Sunday, May 21, 2006

Big Brother is Here

It was interesting that many people (60% by one preliminary poll) feel it is all right for the government to get all of our phone records in order to “catch terrorists.” To me, even this, seems a violation of unreasonable search and seizure, which requires “probable cause.” But when considered along with other actions of the government it seems much more Kafkaesque.

Not only is the government compiling the telephone numbers called by all American’s on both cell phones and landlines, they have conducted warrantless eavesdropping on foreign calls (maybe domestic calls) and tracked people’s movements by their cell phone signal. Yes, you may not know that the government can track or reassemble your travels if you carry a cell phone.
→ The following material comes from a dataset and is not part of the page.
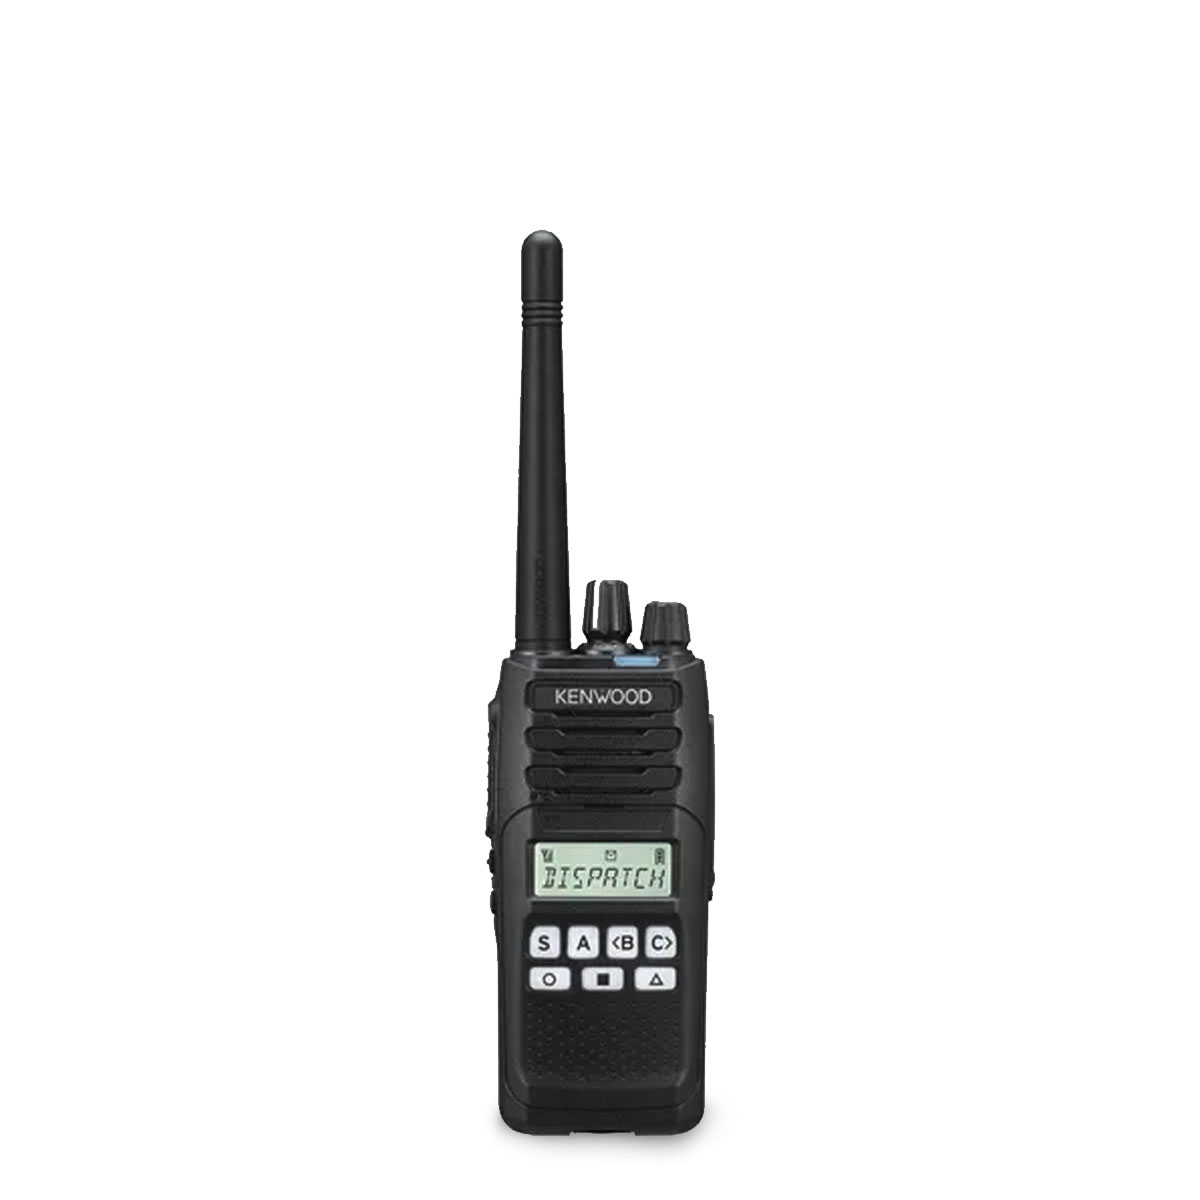 Radio KENWOOD NX-1200 Digital VHF 136-174 MHz con pantalla y teclado limitado

They say they are not mining all of that phone data, just looking for patterns. Isn’t that the same thing? Their stated goal is to get records of every call ever made and gain access to all voice and email communications. Along with that, the government has requested that internet companies retain records of all websites people visit, sought to sample website searches and requested all search records for a week from internet service providers. There are also revelations from a former CIA agent that spy satellites that can see detail down to at least one meter have been used to watch Americans in this country.

Previously the Defense Department proposed an operation called Total Information Awareness that would have allowed them to “data mine” personal information on driver’s licenses, passports, credit card purchases, car rentals, medical prescriptions and records, banking transactions, employment records and more. That proposal was withdrawn following a public outcry, as far as we know.

The administration has all but openly admitted to breaking the FISA law and continues to do so. It’s solution? Legalize the illegal activity retroactively and pass a law that allows it to be even more intrusive. Senate Bill 2455, the Terrorist Surveillance Act of 2006 introduced by Republican Senator from Ohio, Mike DeWine includes free rein for the President to wiretap anyone he wants, stating: the President, through the Attorney General, may authorize a program of electronic surveillance without a court order for periods of up to 45 days if--
(1) the President determines that the surveillance is necessary to protect the United States, its citizens, or its interests, whether inside the United States or outside the United States;

How’s that for vague?

This decision will be reviewed by the Attorney General (Alberto Gonzales, the guy who argued for the right to torture) and a summary of the activity reported to a Senate subcommittee, eventually. The Act also proposes keeping all congressional review secret, penalizes whistleblowers who tell if its been used in violation of the constitution with up to 15 years in prison and a one million dollar fine and provides no penalties if the government violates its own statutes.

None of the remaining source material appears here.